Schalchli knows enough to realize she's no fan of George W. Bush, though. "Why does he always have to talk about God?" she asks, wrinkling her nose as if she'd smelled something foul. "And then he went and started a war for no reason." But for all her disdain for the president, Schalchli knows, and cares, little about his competitor.
Dis them though she may, the candidates are drooling over single women like Schalchli. Since pollsters recently realized that never married, divorced, and widowed females make up the largest untapped voting bloc—some 22 million single women registered to vote skipped the 2000 election, and 16 million never signed up at all—both major parties have been engaged in a desperate and unseemly scuffle for their votes. From the president—or his handlers, anyway—we have the "W stands for Women" push. To which the Kerry folks have responded that "the W in George W. stands for 'wrong' on women's issues." To which Ann Wagner, co-chair of the Republican National Committee shot back that, in Kerry's case, "W stands for waffle." To which the puzzled single woman might reply, "Wait, Kerry doesn't even have a W in his name." Or more to the point, "What have either of you done for us lately?"
There's no question the candidates want single women.
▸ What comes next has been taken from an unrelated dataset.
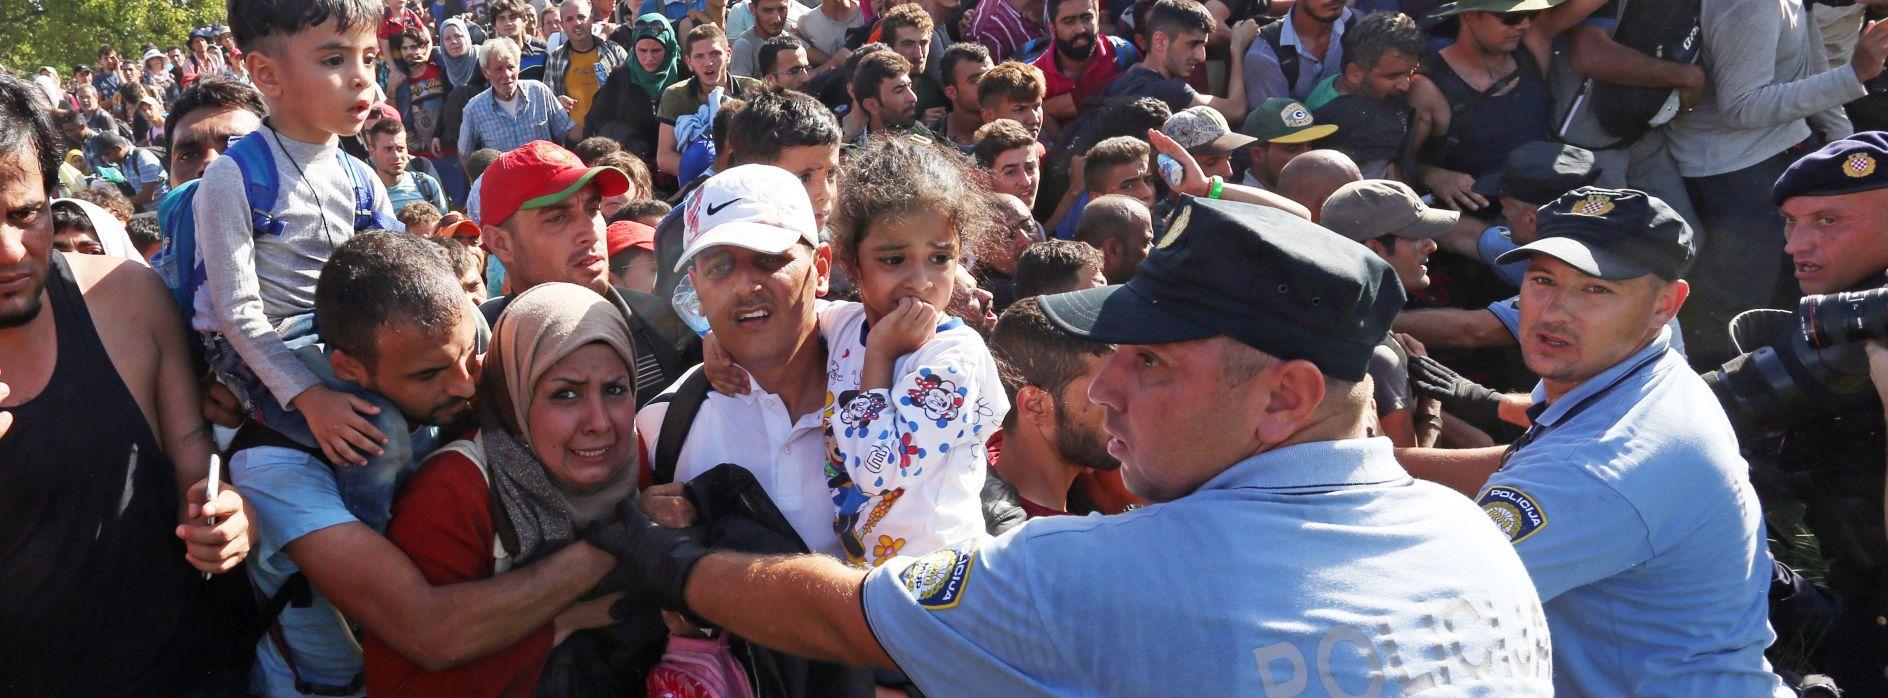 BELI MANASTIR NIJE SLOVENIJA U Hrvatsku do 19 sati ušlo oko 9200 migranata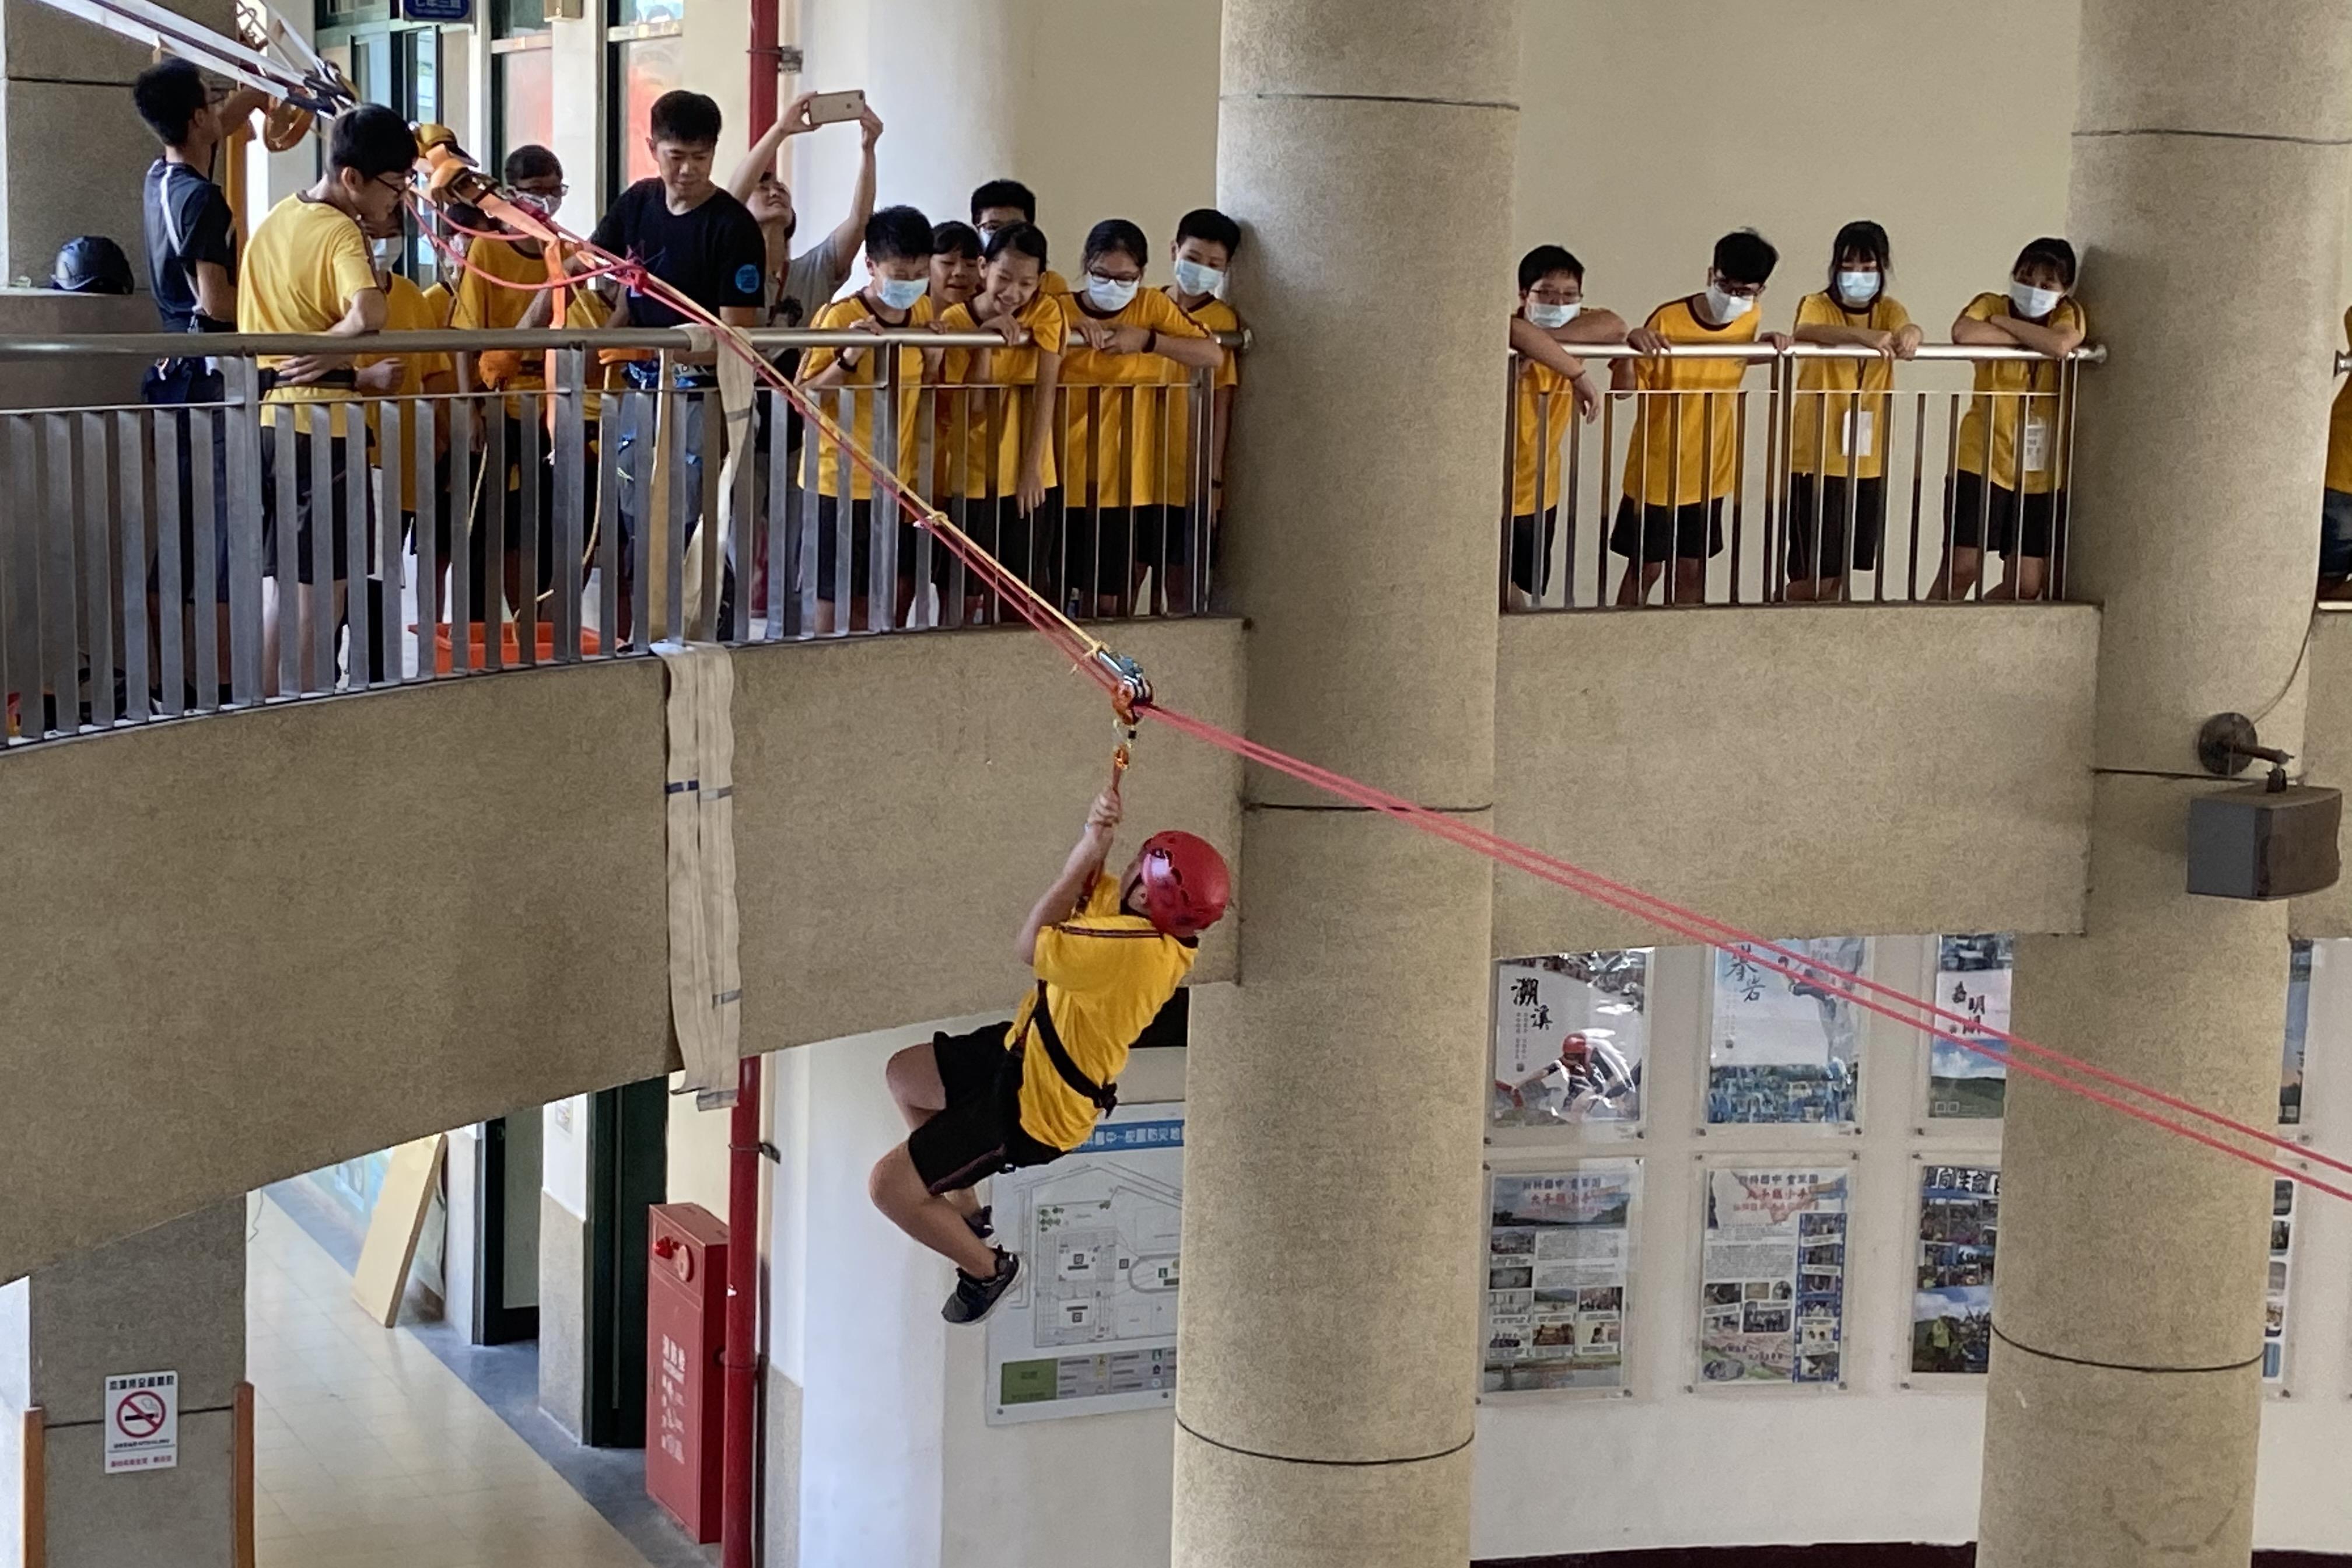 新科國中新生訓練 通過攀岩、走繩及滑降培養新科勇士活動照片i

But do single women want the candidates? "No, none of them," says Tracy Brown, a 43-year-old lawyer at a U.N.-affiliated agency. Delicately perched on a stool at Moe's bar in Fort Greene, Brown expressed her dismay with the president. "He took us to war under false pretenses," she says, shaking her head. "We were lied to. And now, with all the money he's putting into defense, there no money for the things I care about—health care, education." Still, Brown says she doesn't know how she'll vote in November. "I don't feel like Kerry's reaching out to people like me." Not that she expects him—or other politicians—to do much to win her over. "I'm an African American, single woman," says Brown. "We're used to struggling."